« On ne sait jamais, sourit Yay. Un jour peut-être, je changerai d’avis. Ne t’en fais donc pas pour cela, Gurgeh. En fait, c’est presque un honneur que je te fais.

« En me réservant un statut à part ?

« Hmm, oui. »

Yay but une gorgée.

« Je ne te comprends pas, reprit Gurgeh.

« Parce que je décline ton offre ?

« Parce que tu ne déclines pas celles des autres.

« Je ne les accepte pas systématiquement, tu sais. »

Yay hocha la tête en contemplant son verre d’un air soucieux.

« Alors, pourquoi pas moi ? »

Voilà. Il l’avait dit. Pas trop tôt. La jeune femme fit la moue.

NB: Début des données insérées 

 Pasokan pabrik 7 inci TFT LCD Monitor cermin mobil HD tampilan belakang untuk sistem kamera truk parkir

« Parce que, dit-elle en relevant la tête pour le regarder en face, ça a de l’importance pour toi.

« Ah bon ! acquiesça-t-il en se frottant la barbe, les yeux baissés. J’aurais dû feindre l’indifférence, alors. (Il plongea son regard dans celui de Yay.) Enfin, Yay…, reprit-il.

« J’ai l’impression que tu veux… me prendre comme on prend un pion, un territoire, coupa-t-elle. Être à quelqu’un, être… possédée. (Brusquement, son visage exprima une incompréhension totale.) Il y a chez toi quelque chose de très… Je ne sais pas. De très primitif peut-être, Gurgeh. Tu n’as jamais changé de sexe, n’est-ce pas ? (Il fit non de la tête.) Ni fait l’amour avec un homme ? (Nouveau signe de dénégation.) Je m’en doutais, reprit Yay. Tu es bizarre, Gurgeh, conclut-elle en achevant son verre.

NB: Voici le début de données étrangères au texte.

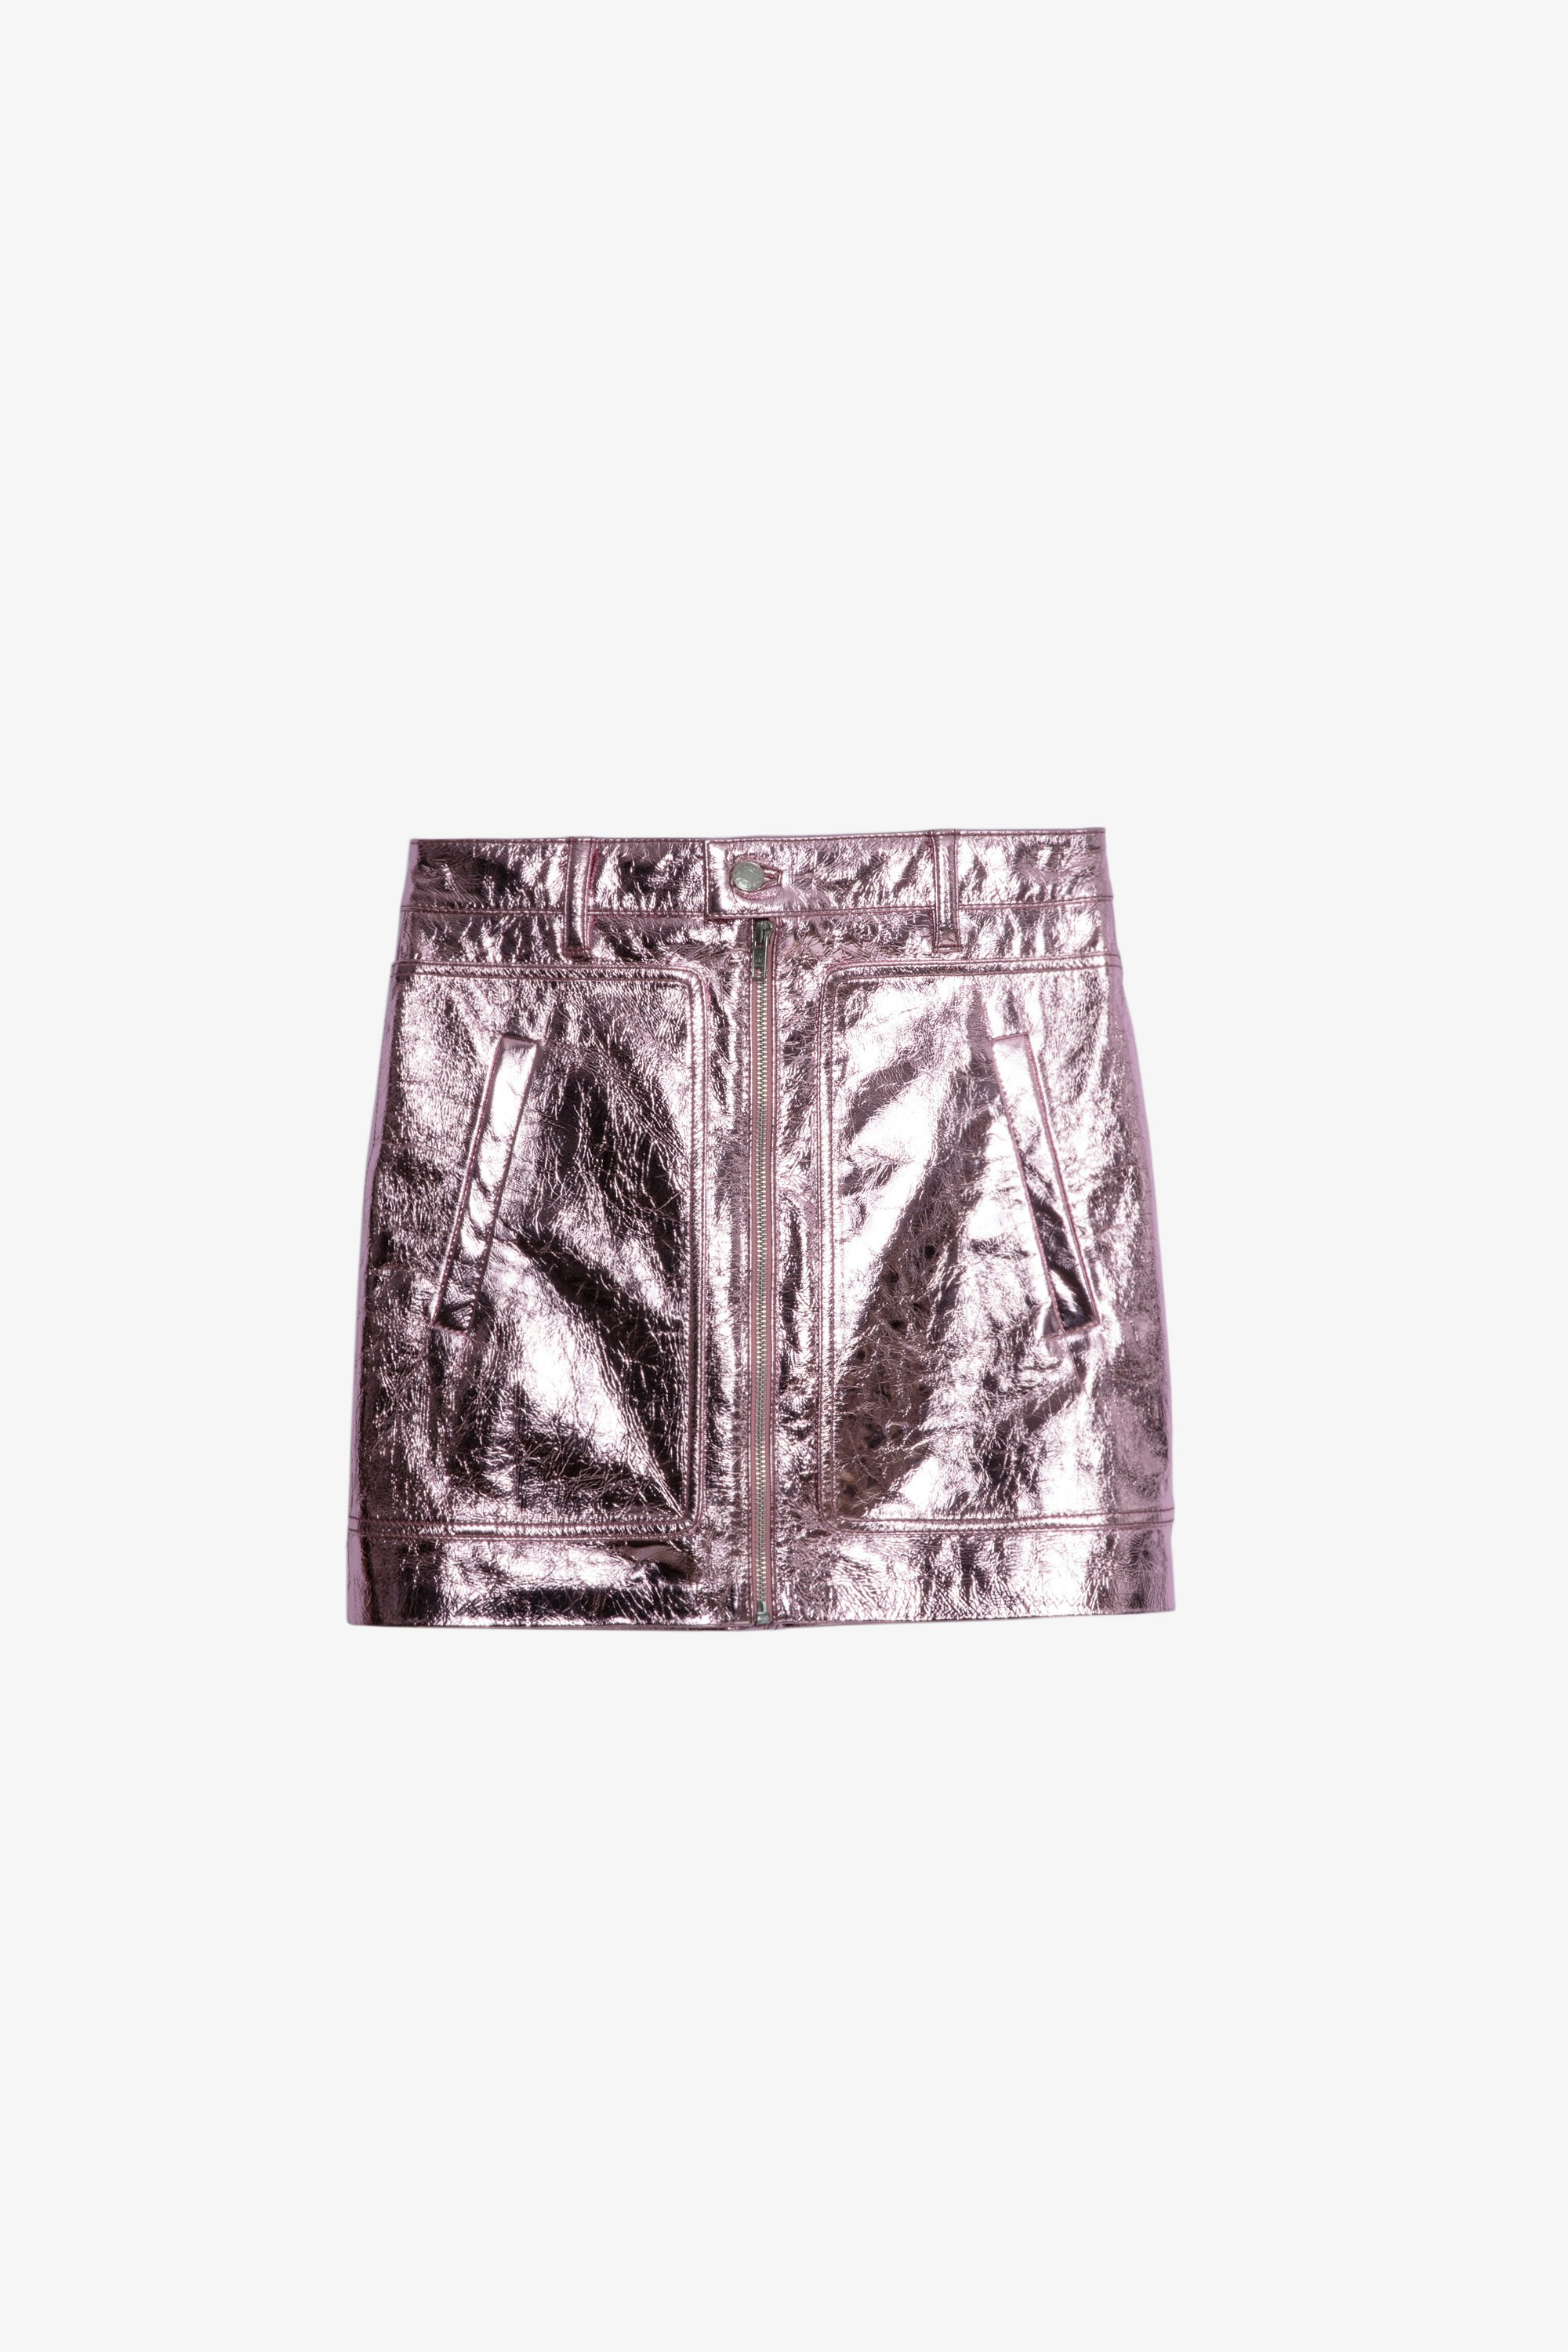 Leather John Skirt Women’s pink metallic leather short skirt

« Parce que je ne suis pas attiré par les autres hommes ?

« Mais bien sûr ! Enfin quoi, tu en es un toi-même ! fit-elle en riant.

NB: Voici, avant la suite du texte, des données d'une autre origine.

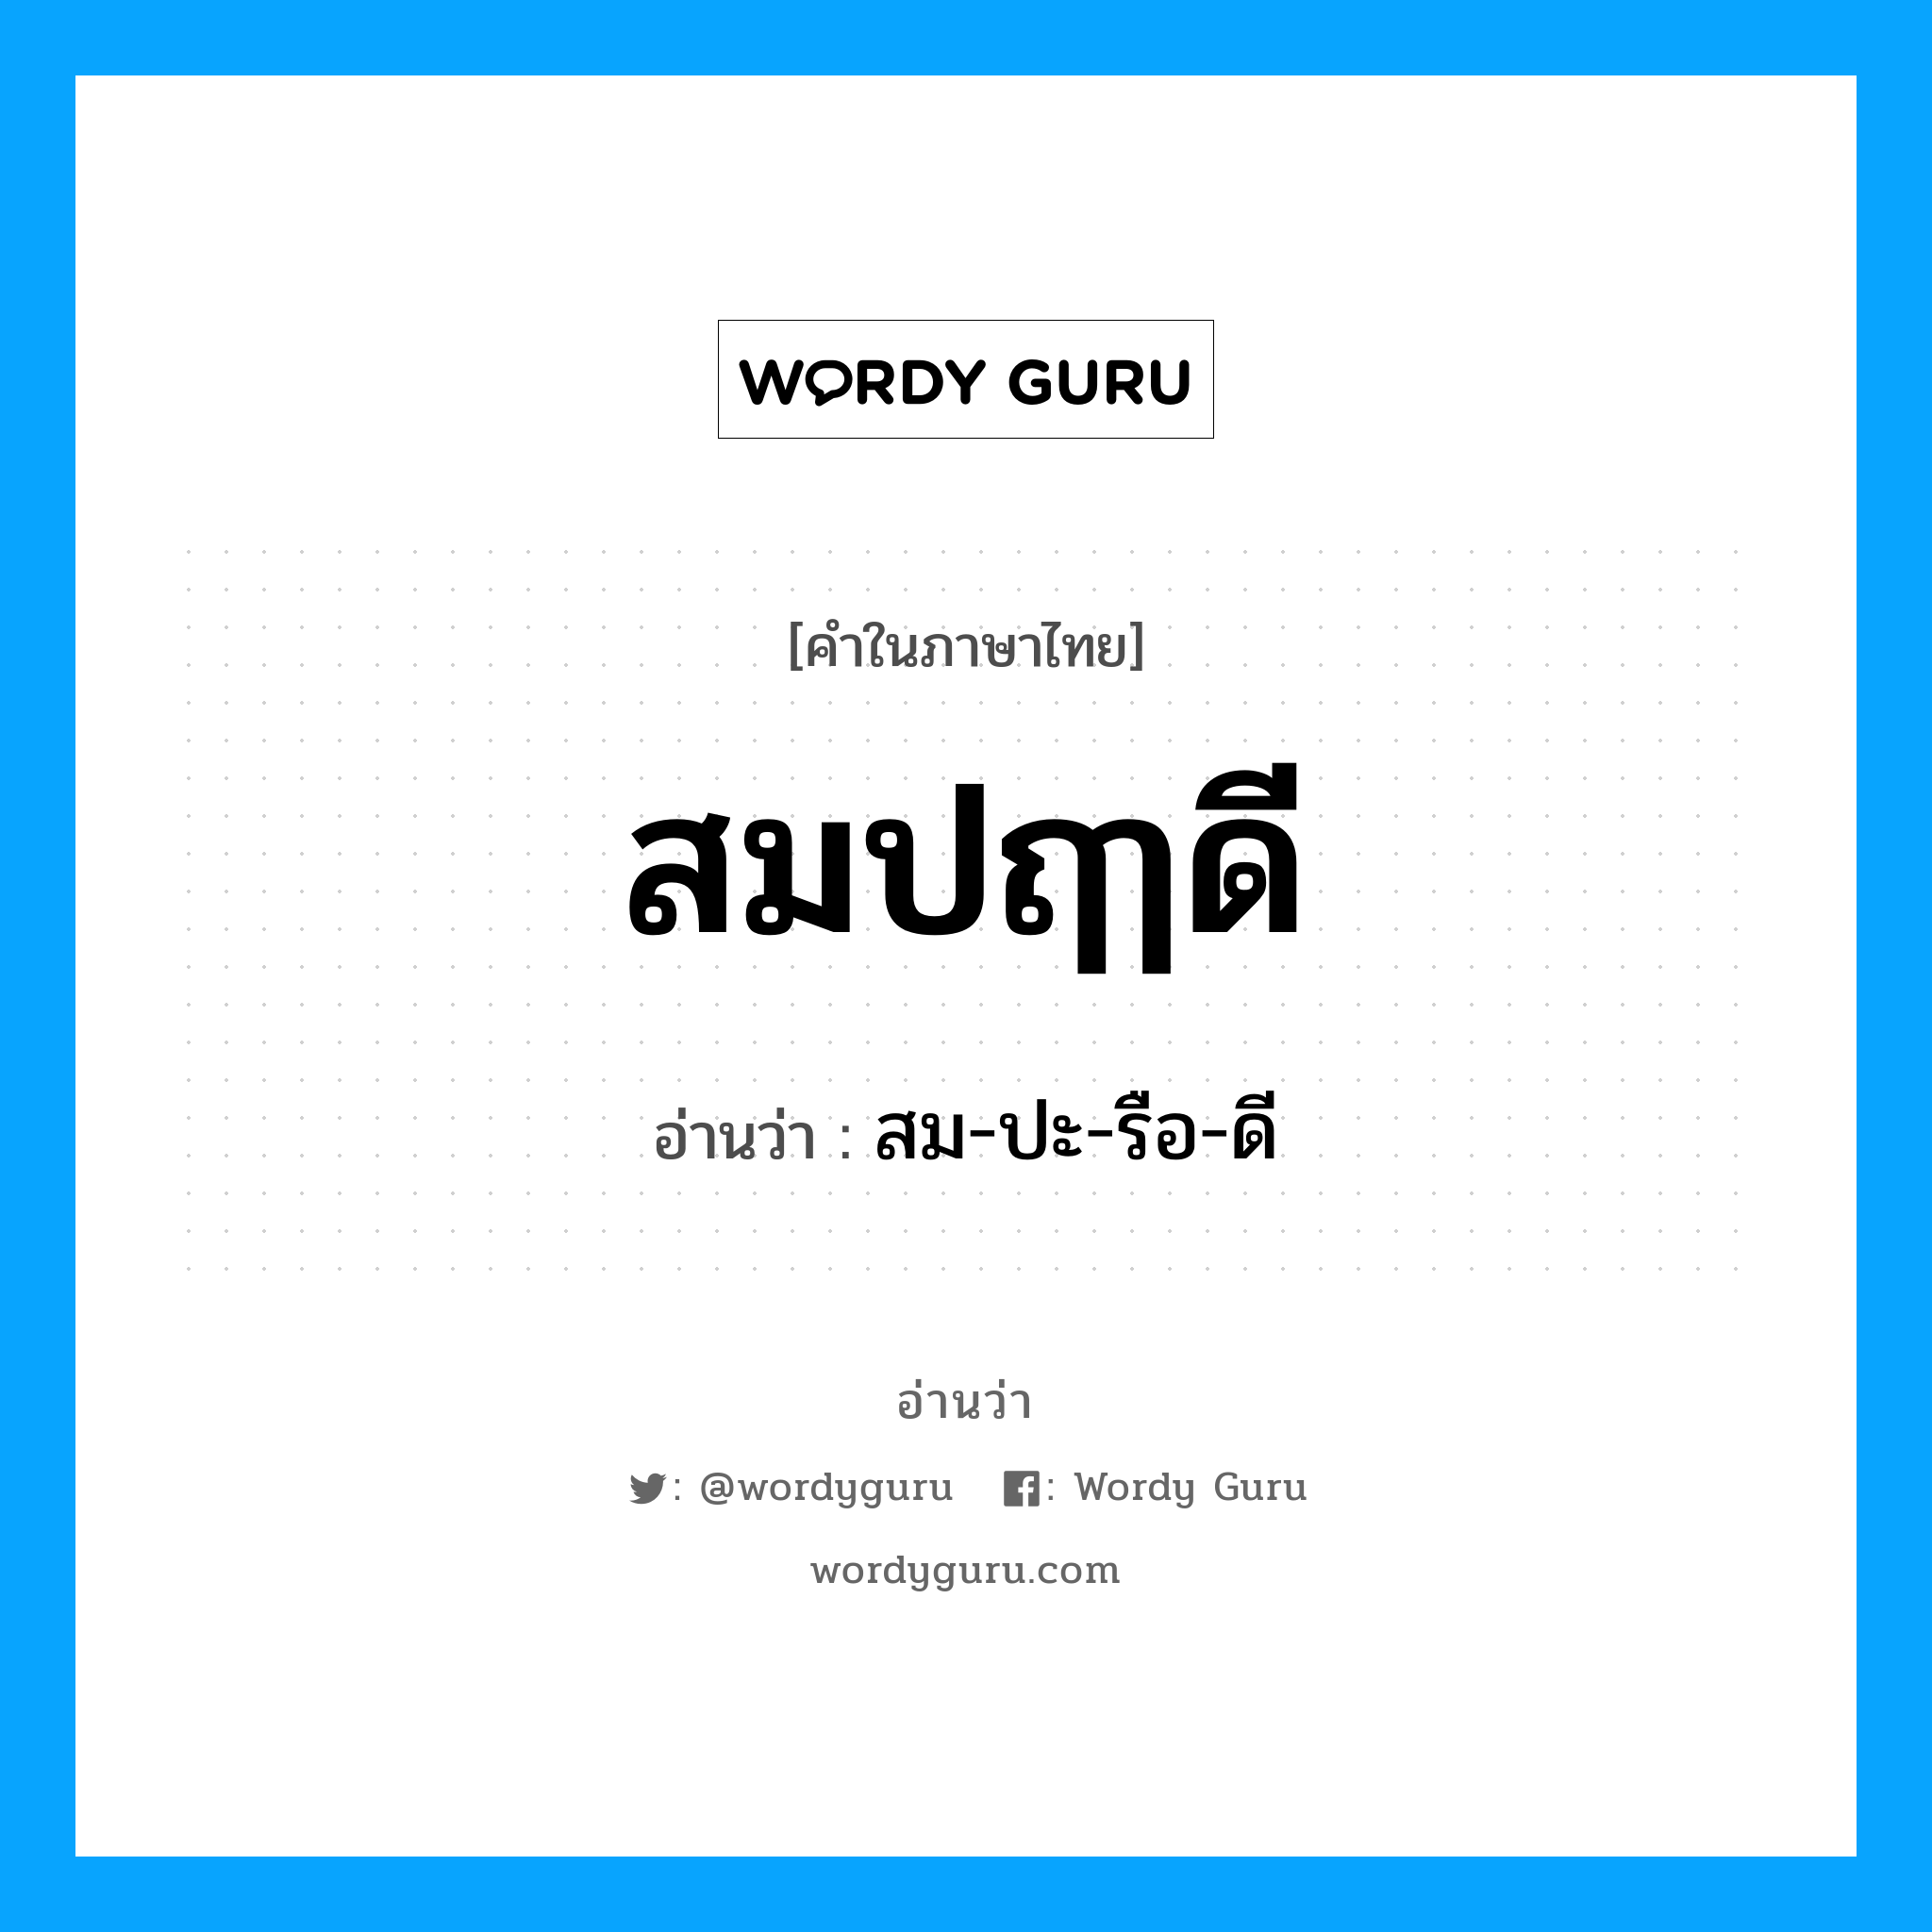 สมปฤๅดี อ่านว่า?, คำในภาษาไทย สมปฤๅดี อ่านว่า สม-ปะ-รือ-ดี

« Devrais-je donc me sentir attiré par moi-même ? »

Yay le dévisagea un instant. Un petit sourire furtif naquit sur ses lèvres. Puis elle se mit à rire, et baissa les yeux.

« Eh bien… Pas physiquement, en tout cas. »

Elle lui fit un grand sourire et lui tendit son verre vide. Gurgeh le remplit, et elle retourna se joindre aux autres.